Dans cette affaire, une personne, Madame B, était usufruitière d’actions d’une société (SAS A) et par acte sous signature privée déclara, selon les termes employés dans l’acte, faire « abandon à la société (SAS B) … » de l’usufruit, estimé à 982.372 €, qu’elle détenait sur la majorité des titres de la SAS A.
La SAS B était en l’espèce détenue quasi exclusivement par ses enfants.
L’acte ne formulait pas l’accord de la société Techmetta participations.
Pour l’administration fiscale, l’acte d’abandon matérialisait une donation au profit de la SAS B et par conséquent elle lui notifia un redressement très important (578 495 €), somme à laquelle s’ajoutait 180 498 € d’intérêt de retard.

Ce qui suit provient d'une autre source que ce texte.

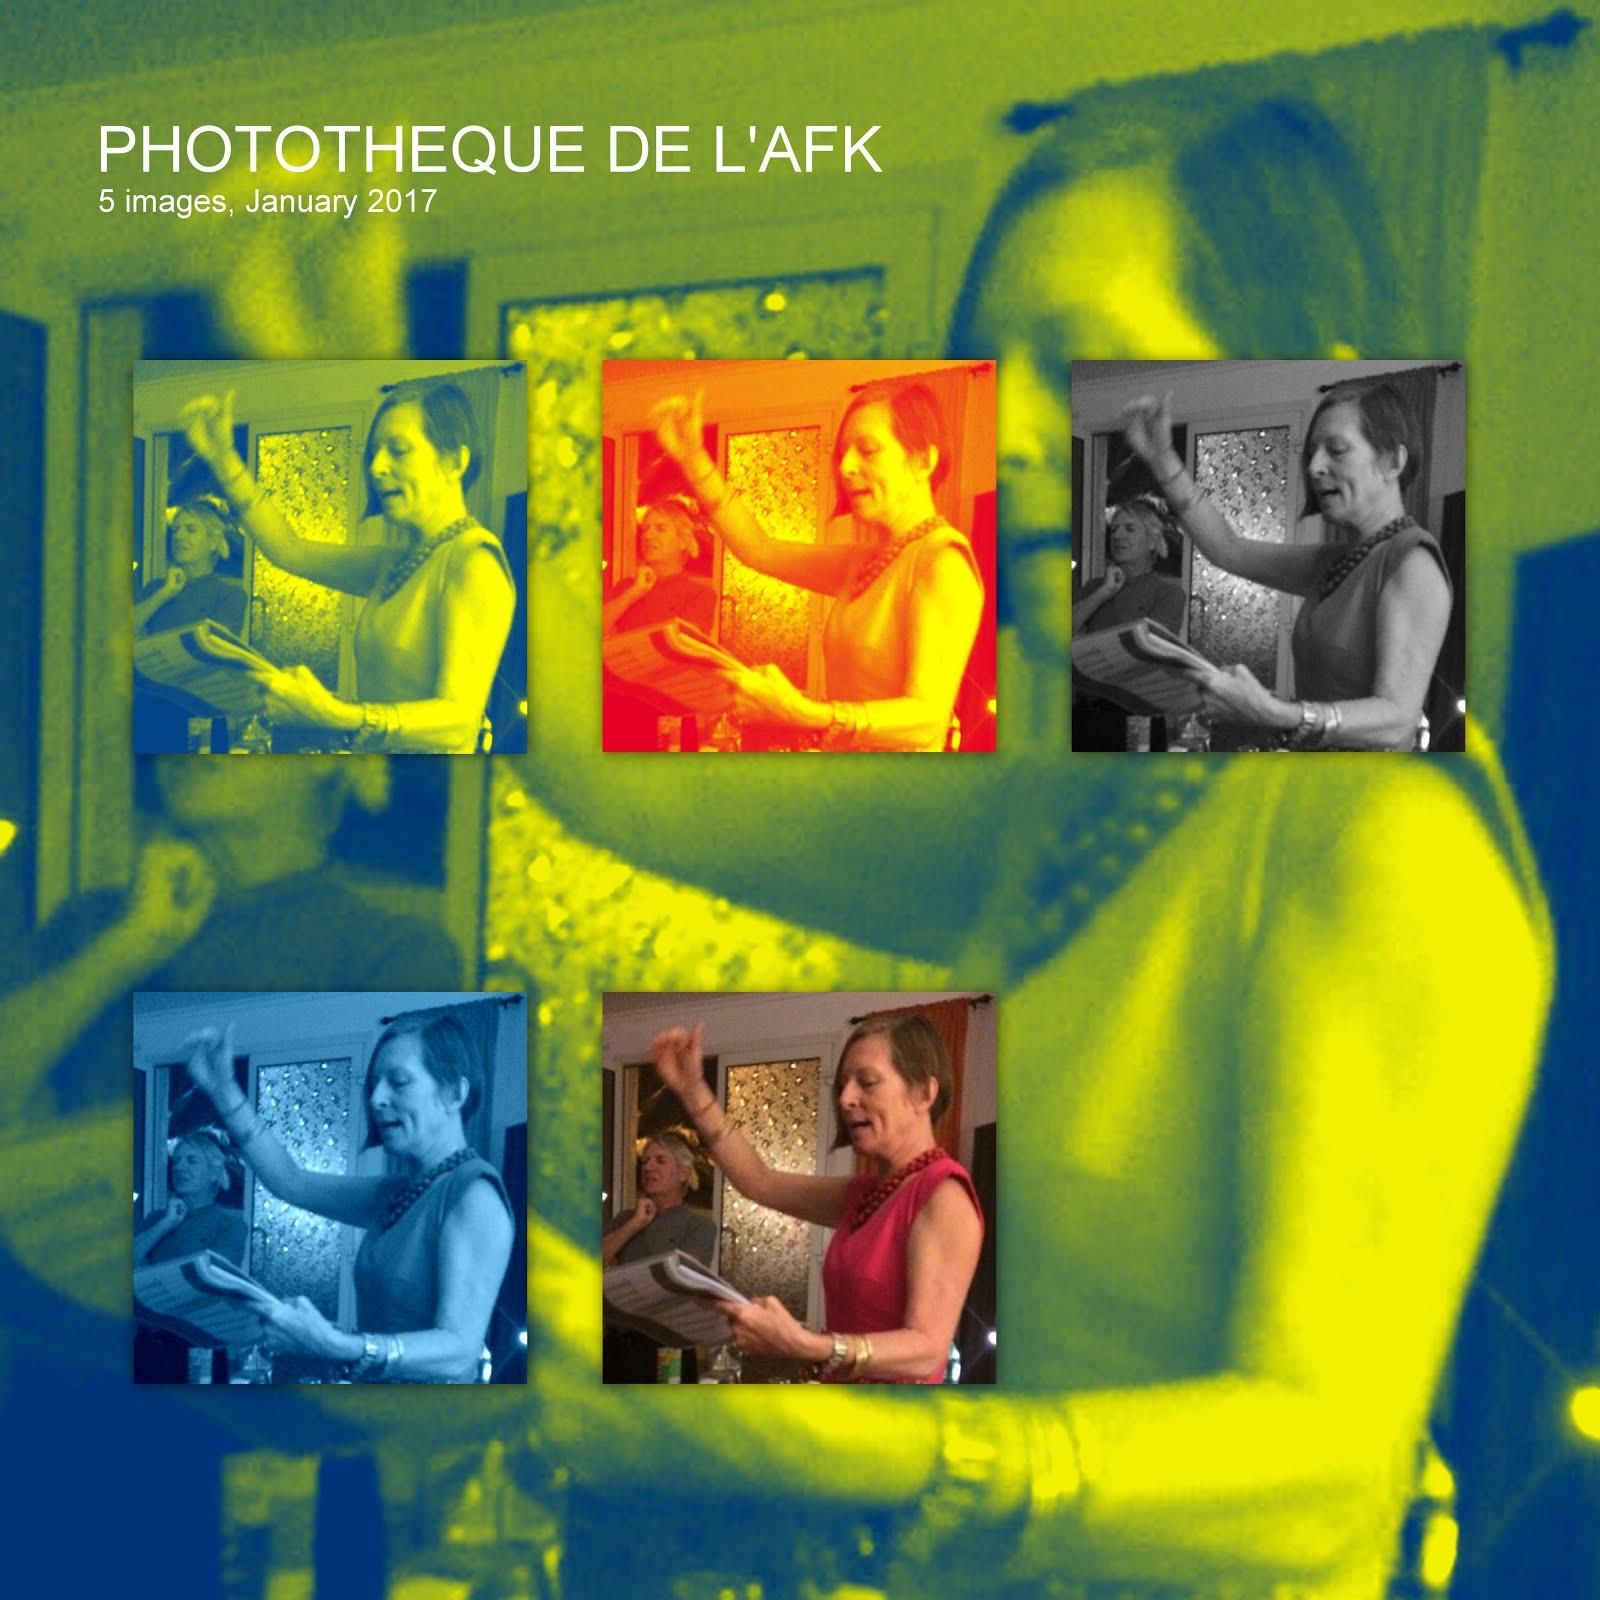 Photothèque de l'AFK

Plusieurs objections de procédures furent formulées par la société bénéficiaire pour faire échec au recouvrement, finalement en vain.
Sur le fond, tant la Cour d’appel de Chambéry que la Cour de cassation constate l’existence d’une donation indirecte taxable à 60 %, compte tenu de l’identité du donataire.
Il ne fait pas de doute que l’abandon d’usufruit peut constituer une donation indirecte ; encore faut-il que les conditions de la condition se trouvent réunies.
Il faut tout d’abord constater une acceptation. En effet, la renonciation à un droit est un acte unilatéral.
Or en l’espèce, celle-ci avait été formalisée par un acte écrit. Cependant, celui-ci, s’il visait effectivement la société nu-propriétaire et la désignait comme le bénéficiaire de l’acte (ce qui était maladroit) ne matérialisait aucune signature de celle-ci.

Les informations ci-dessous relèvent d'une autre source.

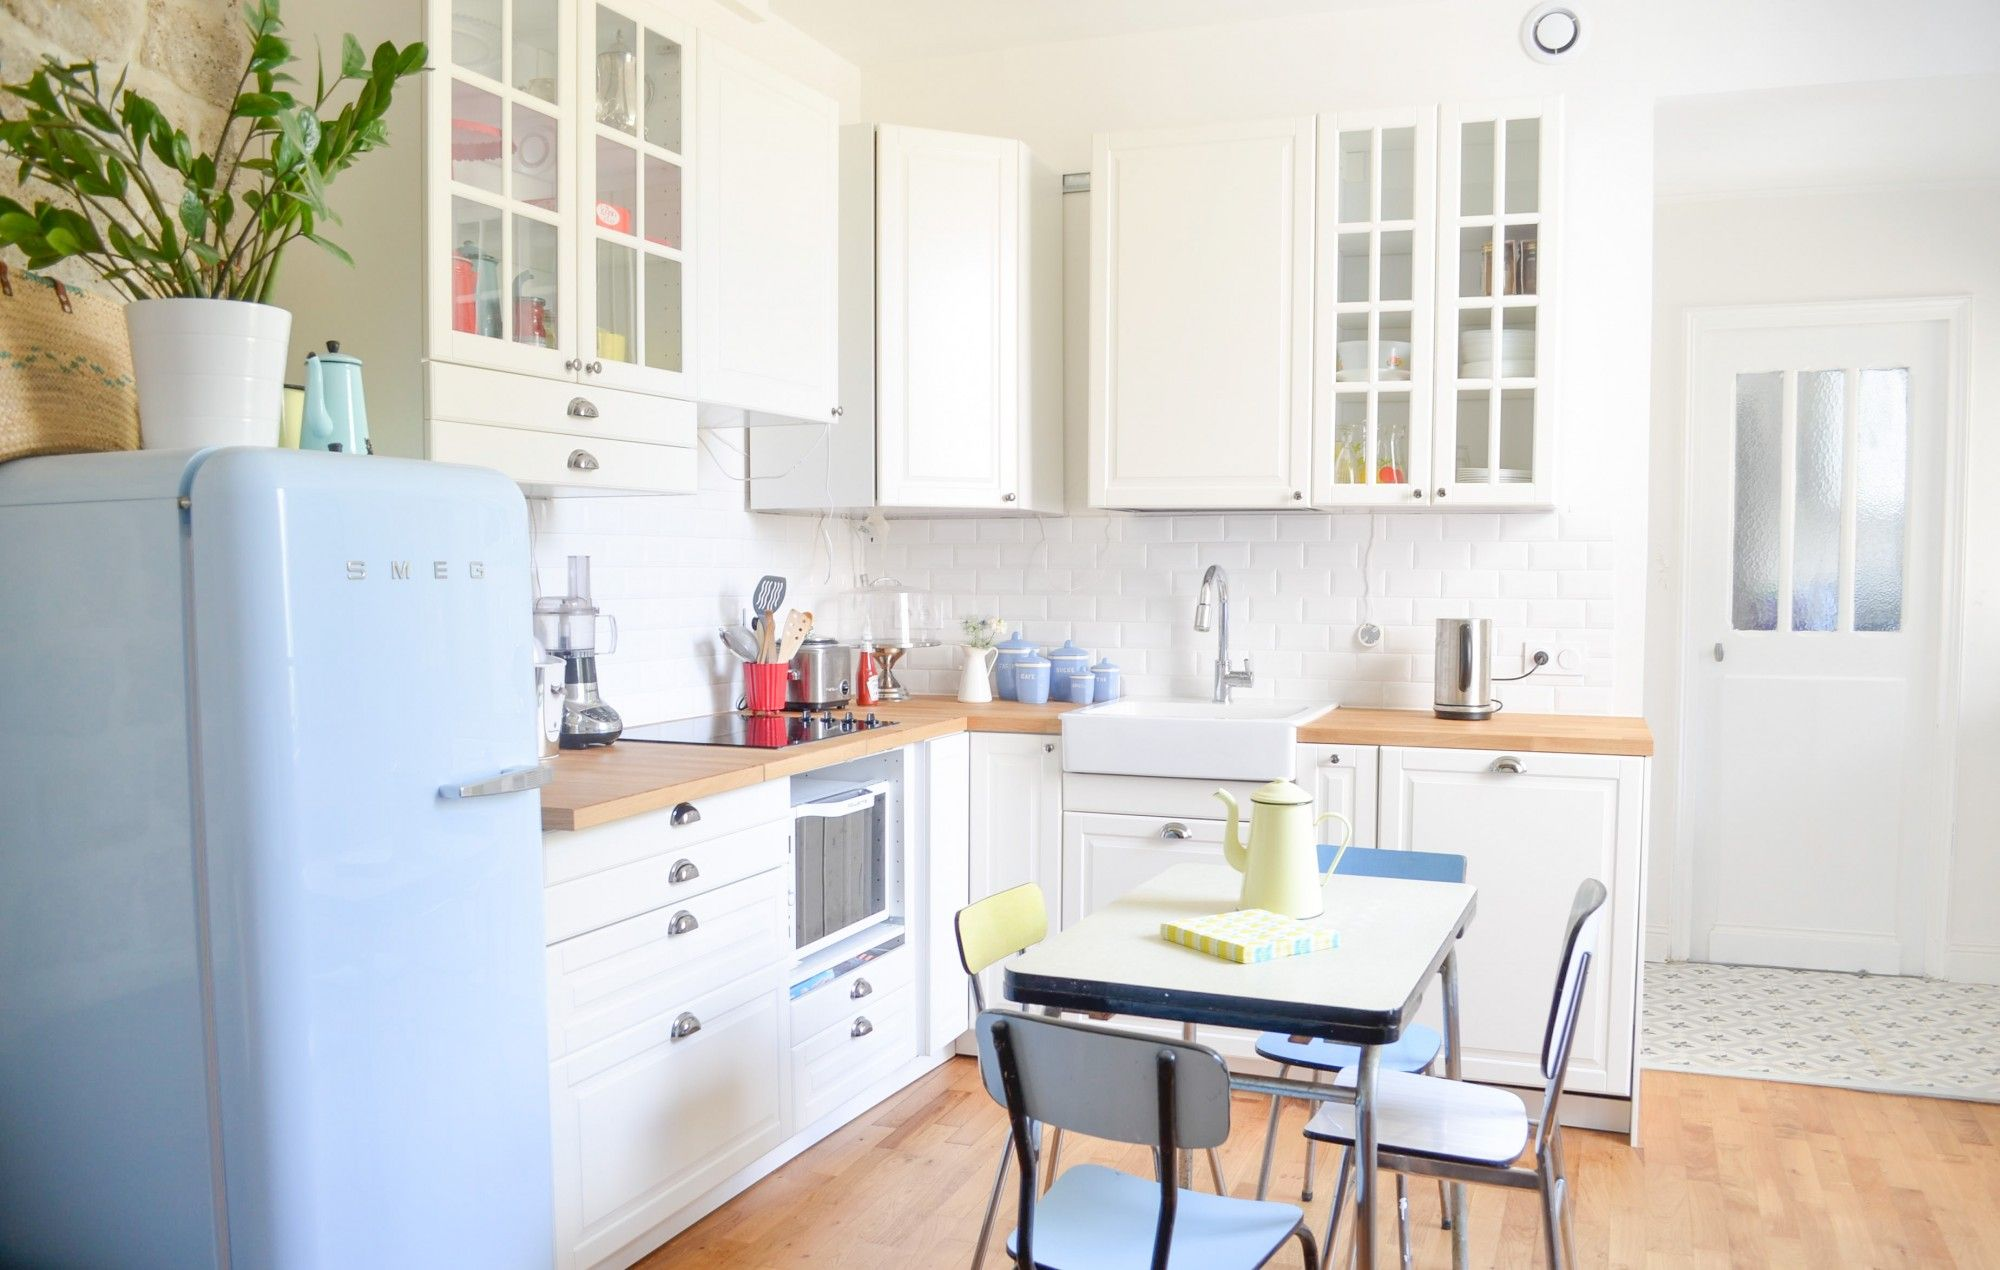 Cuisine Ikea Metod BODBYN Montage Smeg Bleu Ciel Placard Dangle - Meuble angle ikea cuisine pour idees de deco de cuisine

La donation indirecte étant une libéralité informelle, cette acceptation peut s’exprimer d’une manière tacite, résultant du comportement du nu-propriétaire.
Par exemple, dans une espèce, un contribuable avait renoncé unilatéralement à l’usufruit de titres de société, la nue-propriété de ces titres étant détenue par ses enfants.
Pour la Cour de cassation, la preuve de l’acceptation tacite des donataires résultait de ce que les nus-propriétaires avaient fait figurer ces titres en pleine propriété dans leur déclaration d’impôt de solidarité sur la fortune et avaient encaissé les revenus produits par ces titres (Cass Com, 21 juin 2011 n° 10-20.461).
En l’espèce, pour les juges du fonds et la Cour de cassation, l’acceptation de la société résultait de ce que celle-ci « avait perçu les dividendes lui revenant dès leur mise en distribution ».

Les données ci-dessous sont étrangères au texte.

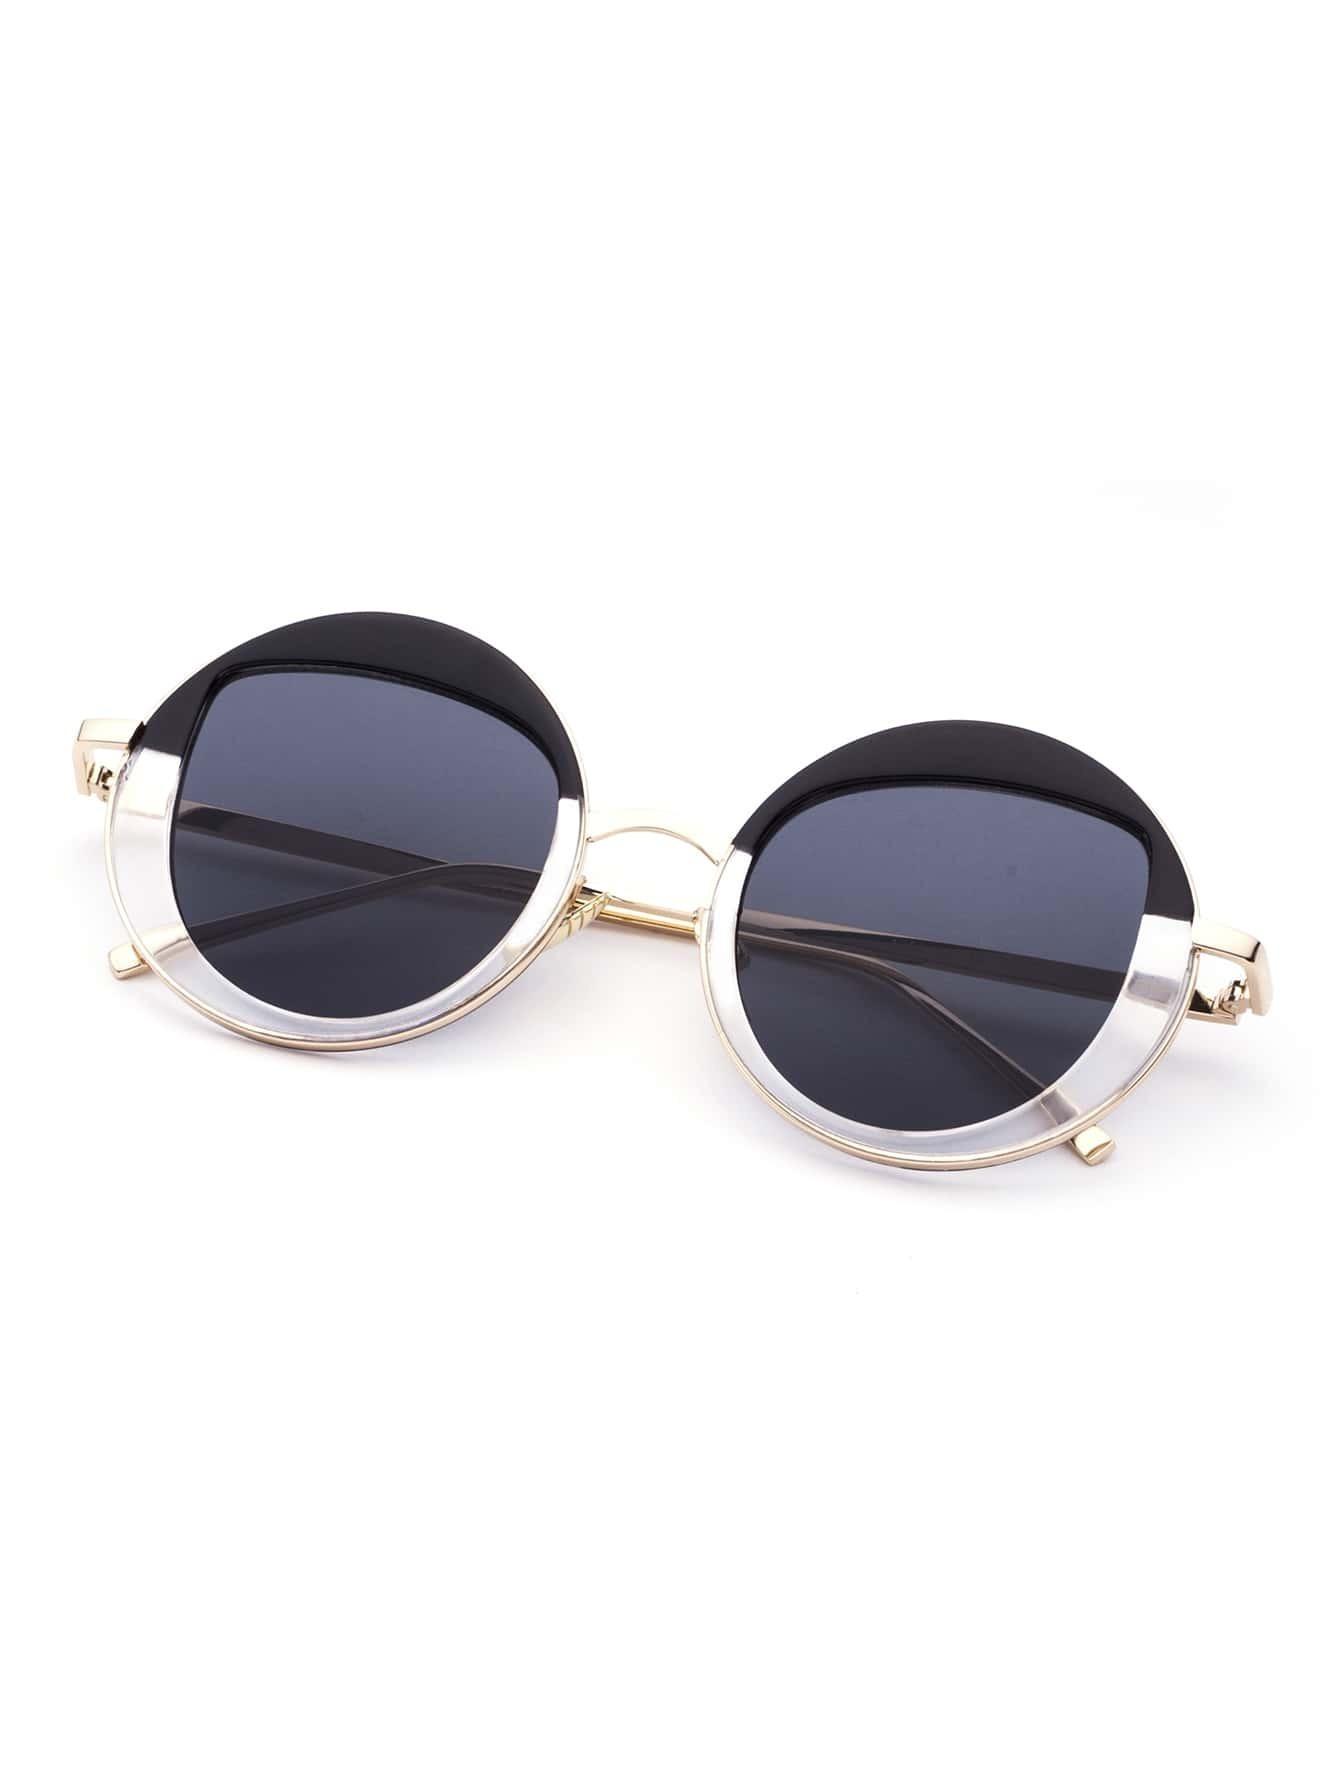 Golden Frame Black Sunglasses : Black And Gold Frame Round Design Sunglasses

Cette perception de dividendes établit sans aucun doute la connaissance par la société nue-propriétaire de l’acte d’abandon.
Il reste alors à déterminer si les éléments caractéristiques de la donation se trouvent en l’espèce réunis.
Il faut tout d’abord constater un dépouillement. Pour la Cour d’appel, l’acte constatait bien un dépouillement de la part de l’usufruitière, puisque « l’usufruit n’était pas dépourvu de valeur, et son abandon avait pour conséquence de priver l’auteur de l’acte de son pouvoir de décision dans la gestion de la société ».
Il ne fait pas de doute que l’usufruitier s’est appauvri en renonçant ; La Cour d’appel avait en effet parfaitement établi le dépouillement en relevant à la fois la valeur économique de l’usufruit abandonné et la perte de pouvoirs au sein de la société résultant de cet acte. L’appauvrissement est d’autant moins contestable que le compte de résultat de l’exercice postérieur à la renonciation fit apparaître des produits financiers à hauteur de 310.420 € correspondant aux droits de la SAS B sur les 2822 actions de la SAS A détenues en pleine propriété à la suite de l’abandon d’usufruit.
La difficulté tenait évidemment à l’intention libérale.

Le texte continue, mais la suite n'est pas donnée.